» Data below
········
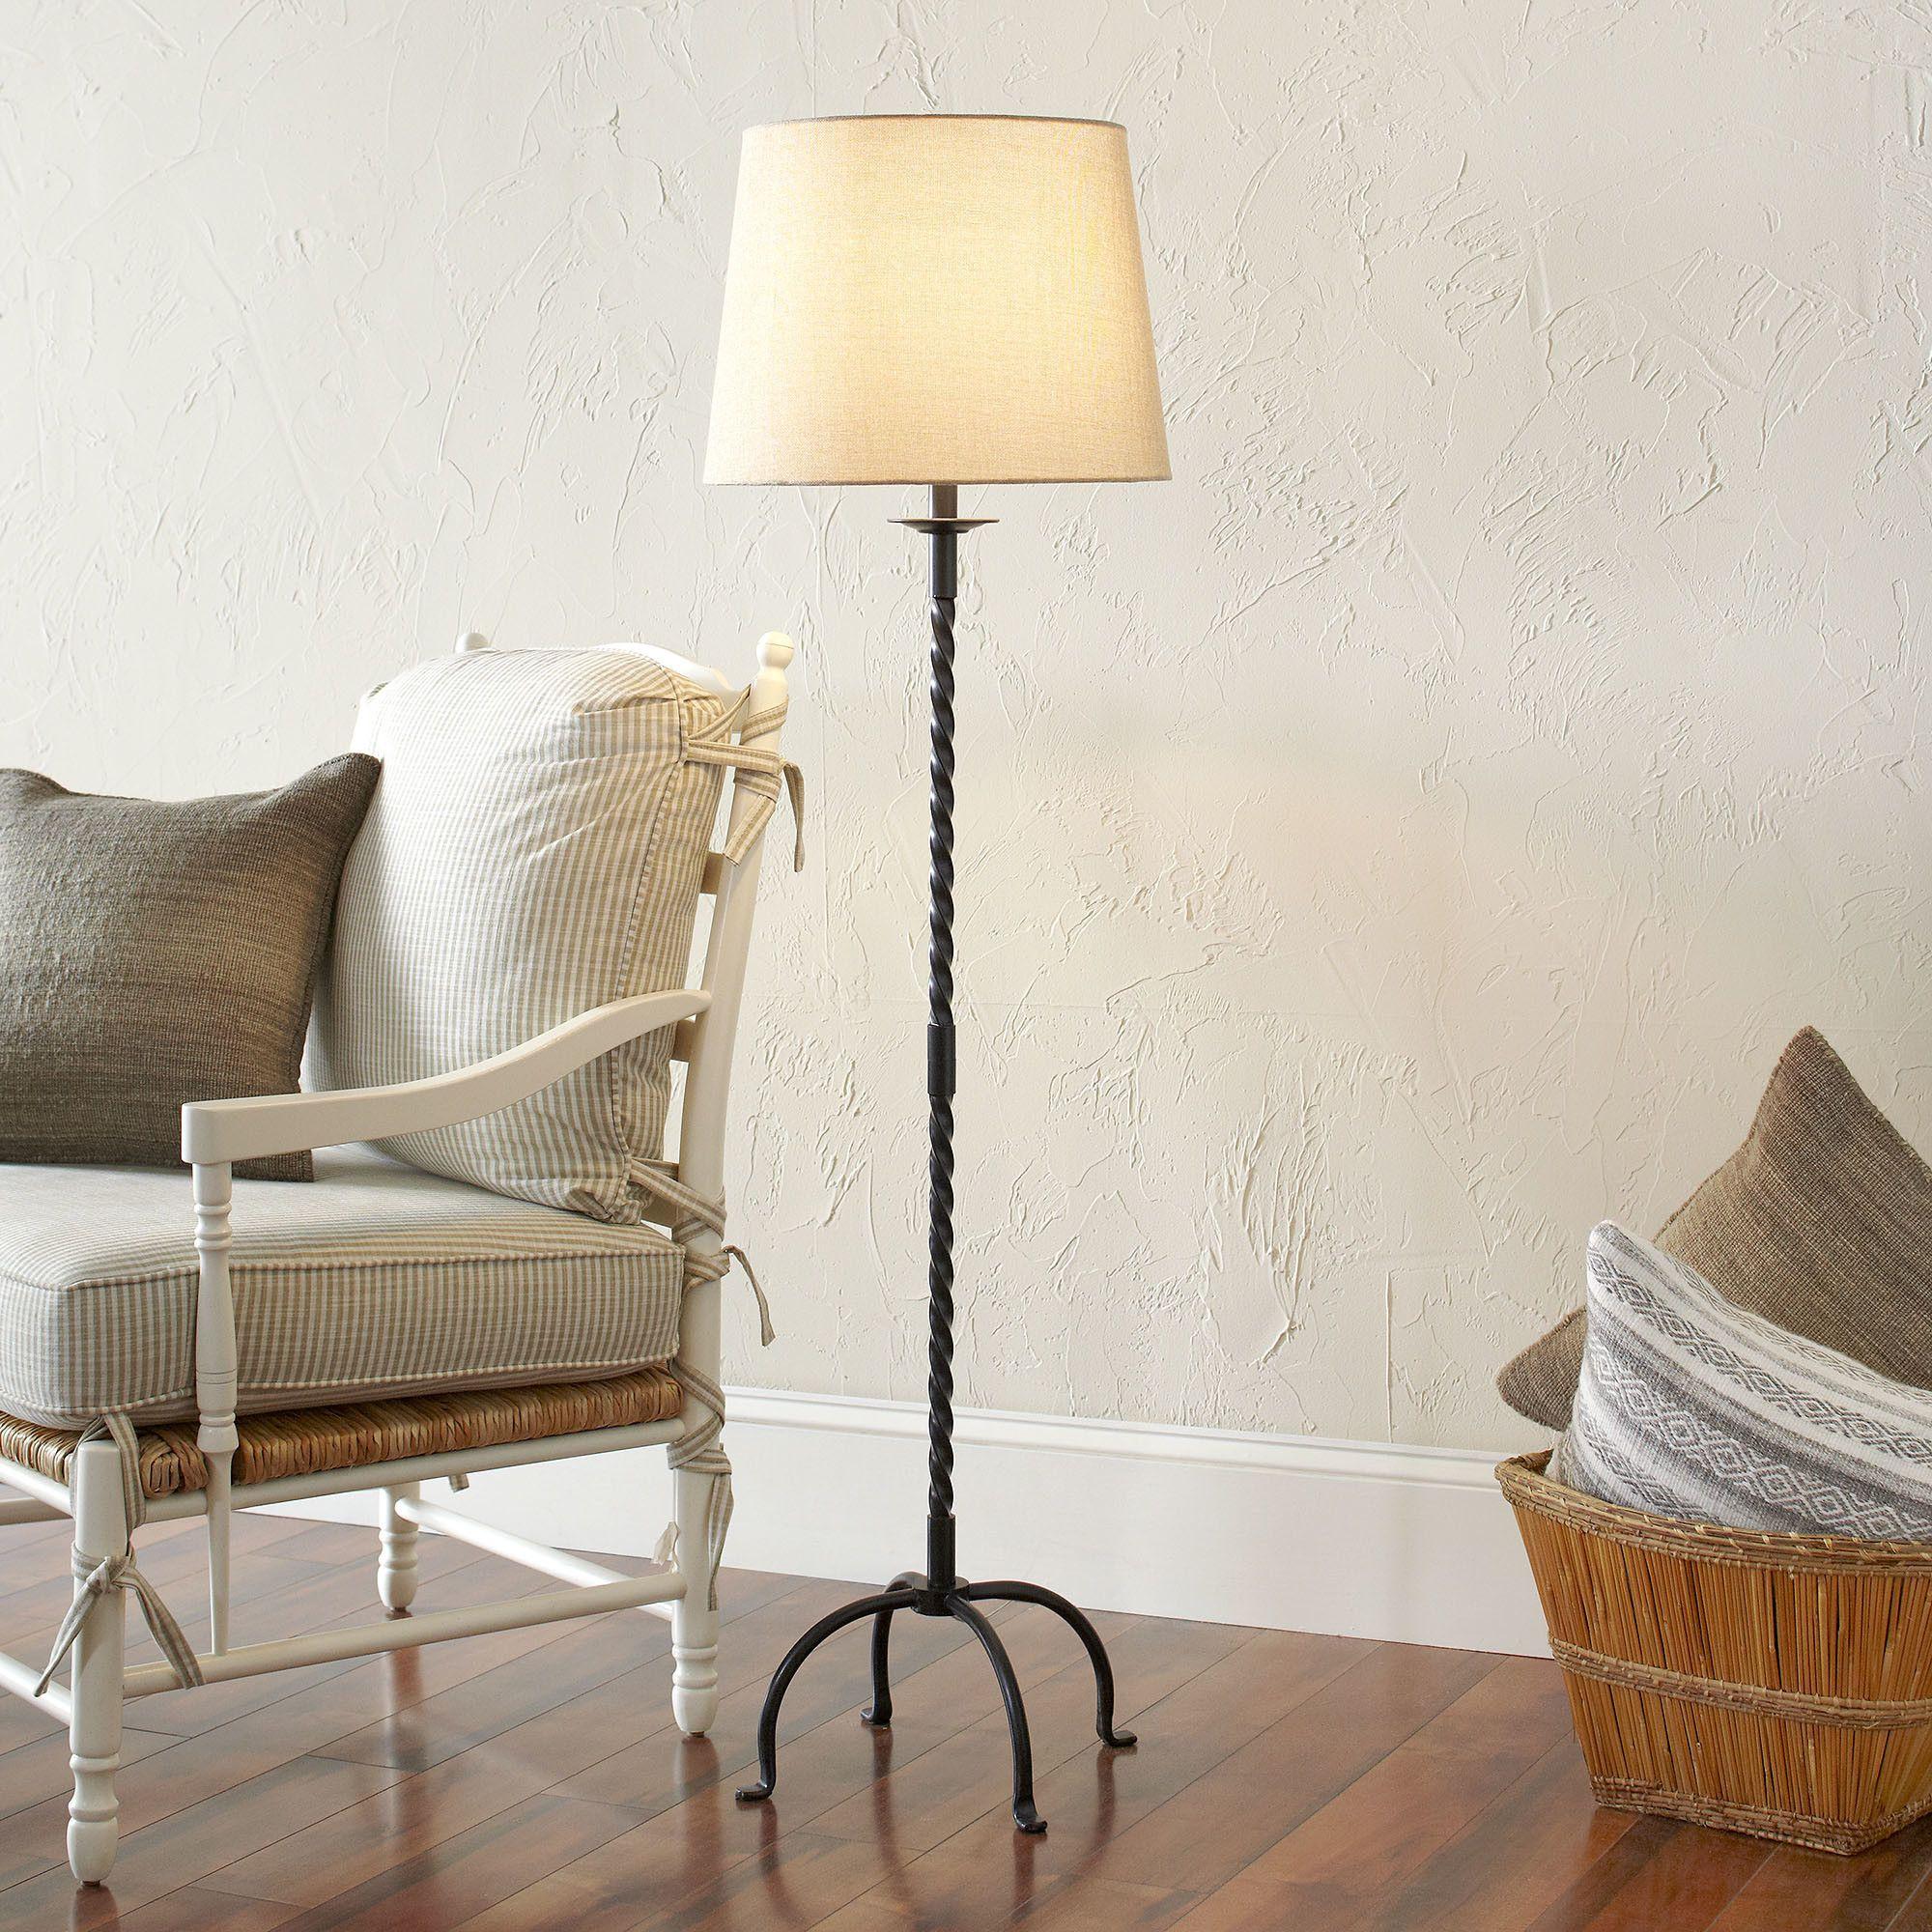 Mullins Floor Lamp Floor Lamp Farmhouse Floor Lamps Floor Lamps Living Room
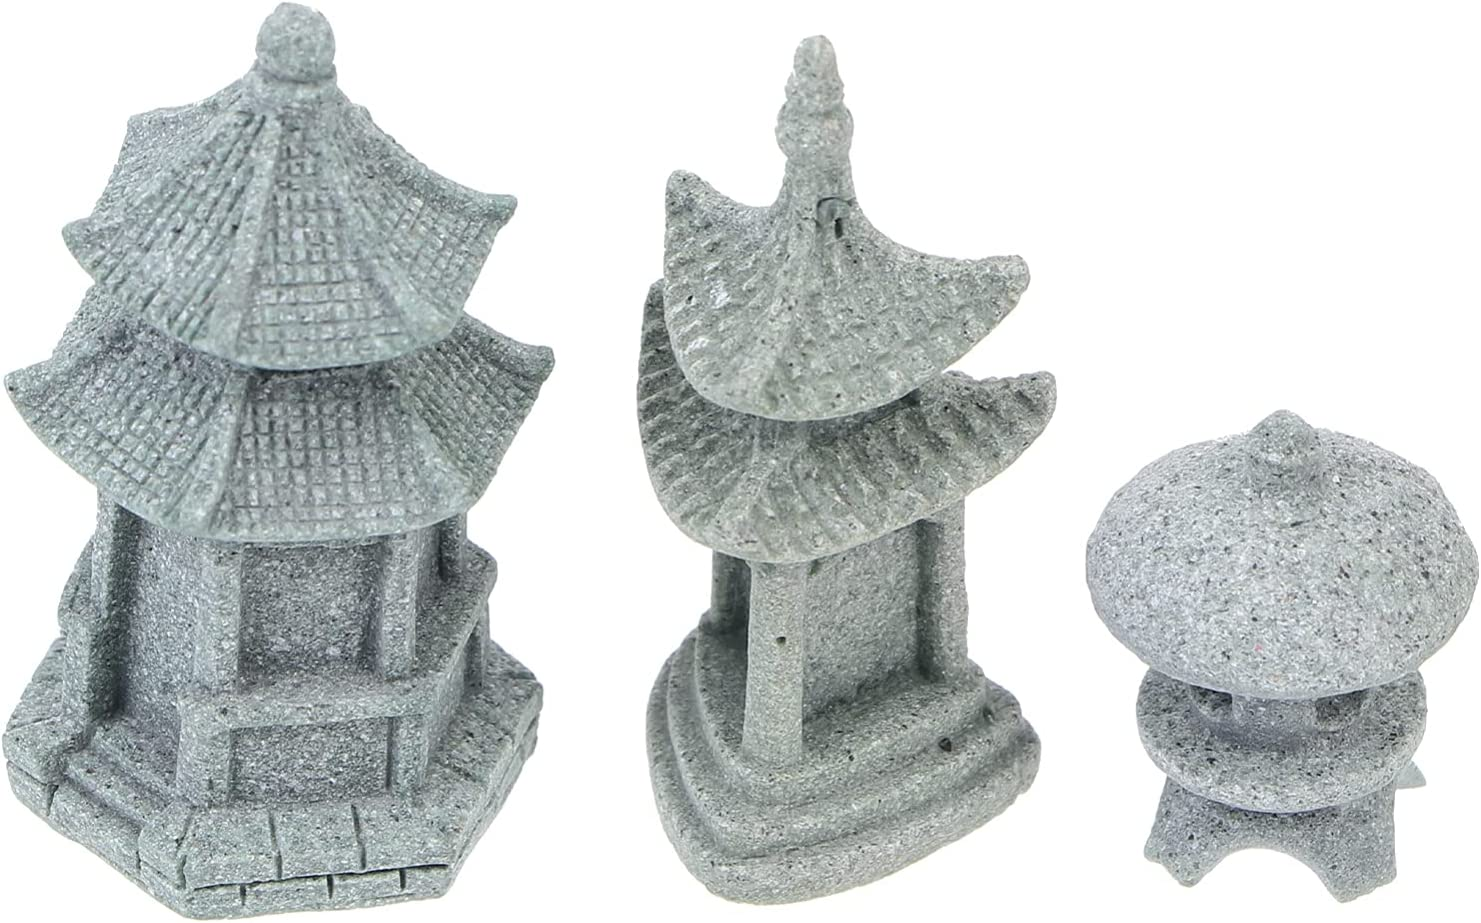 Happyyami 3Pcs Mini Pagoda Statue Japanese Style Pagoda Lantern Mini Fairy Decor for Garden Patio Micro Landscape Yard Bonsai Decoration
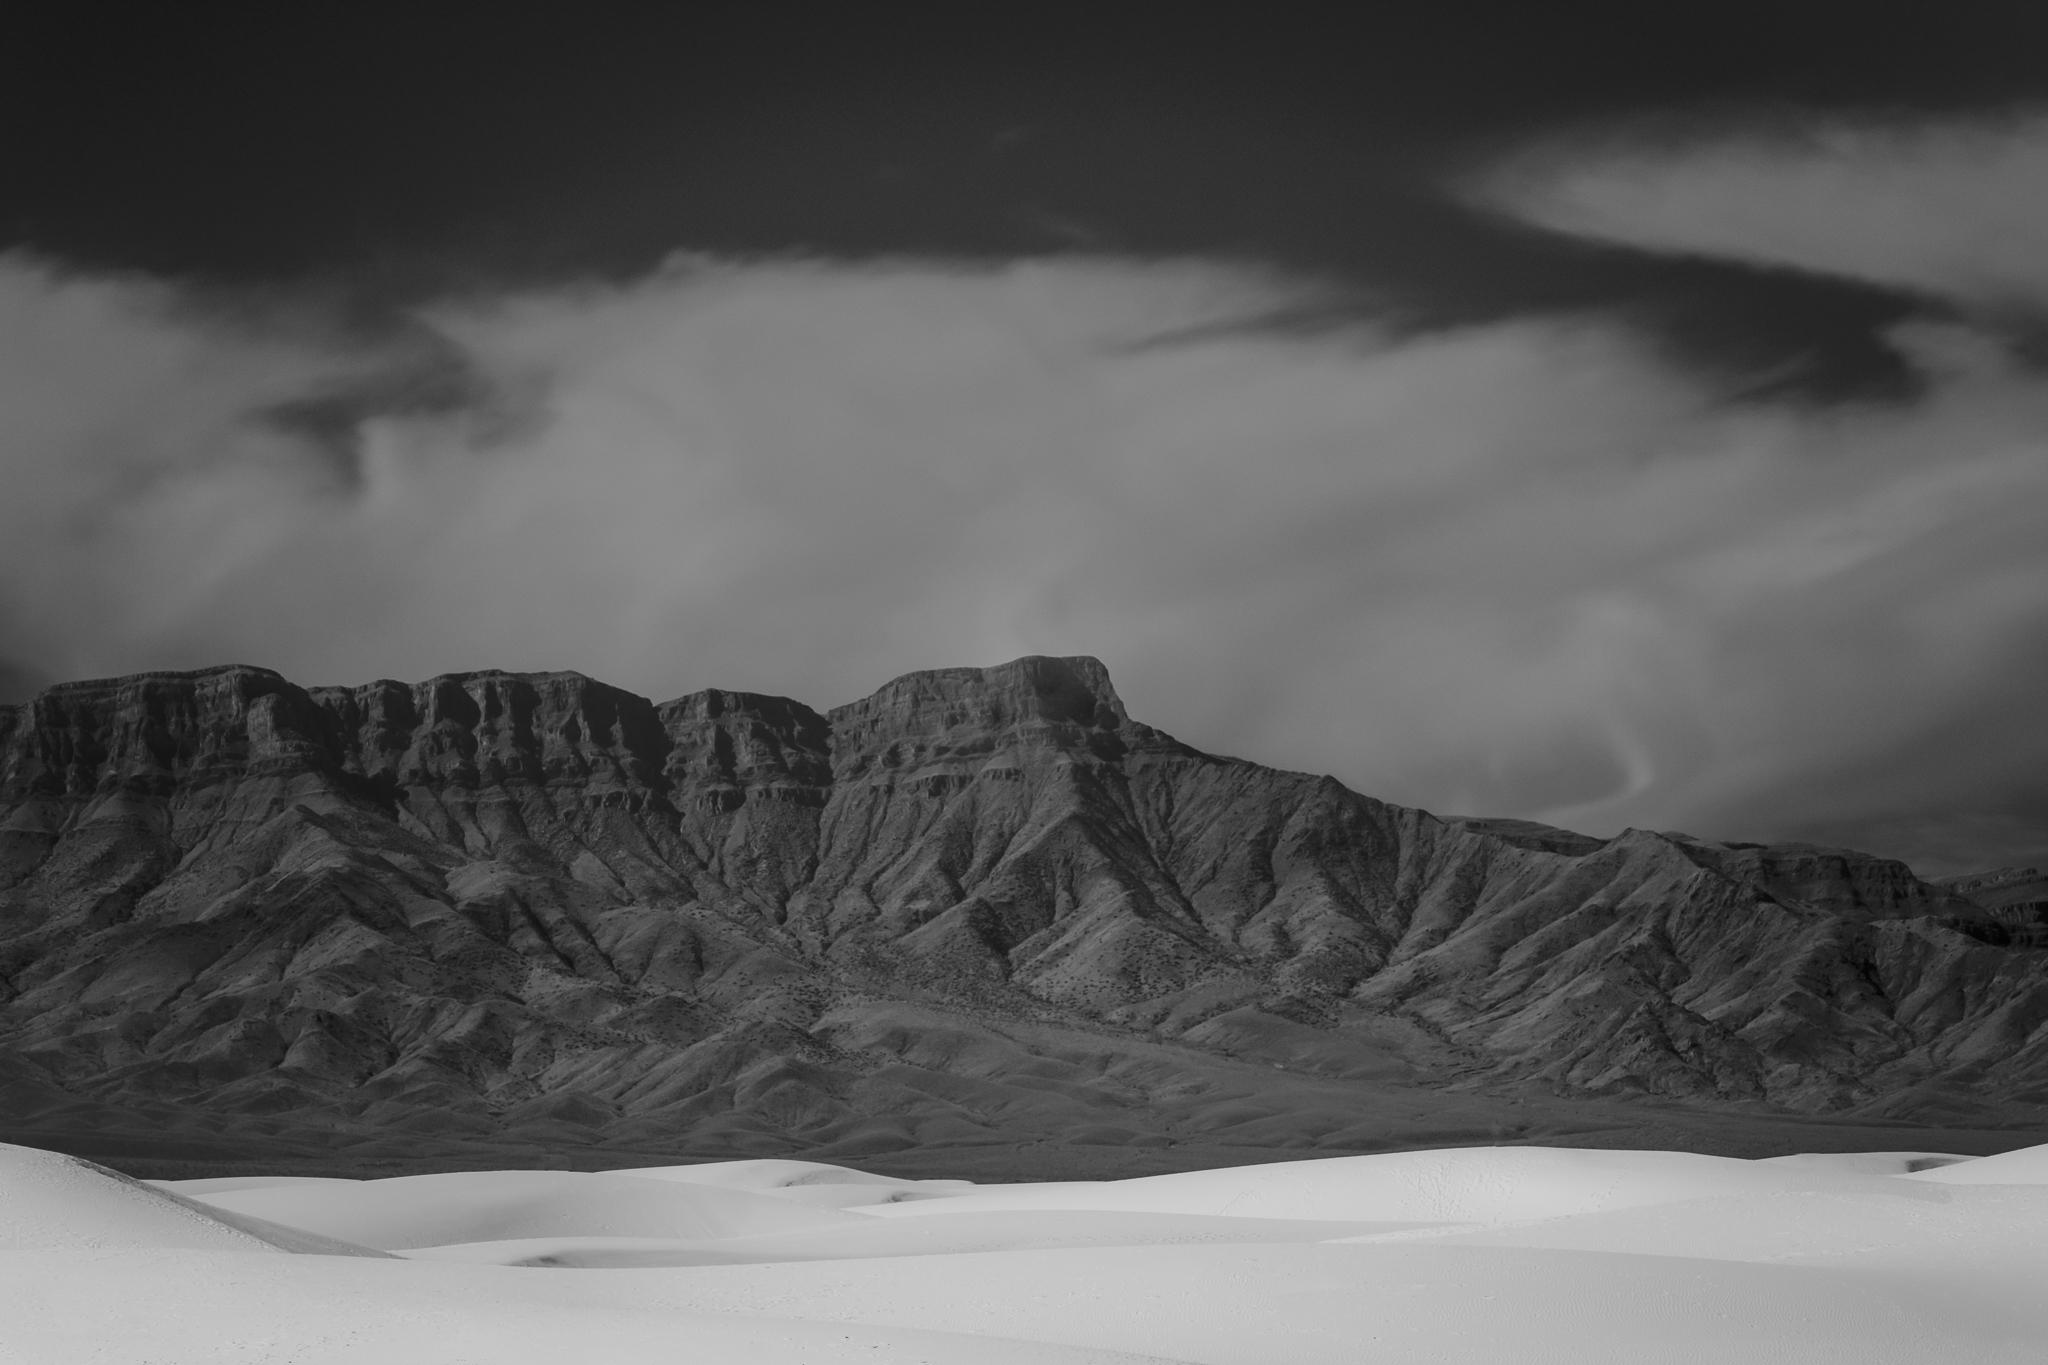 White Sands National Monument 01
········
» Exercise aim
The expected output is the full material above, unaltered, with pictures removed.

» Written solution
 Mullins Floor Lamp Floor Lamp Farmhouse Floor Lamps Floor Lamps Living Room
 Happyyami 3Pcs Mini Pagoda Statue Japanese Style Pagoda Lantern Mini Fairy Decor for Garden Patio Micro Landscape Yard Bonsai Decoration
 White Sands National Monument 01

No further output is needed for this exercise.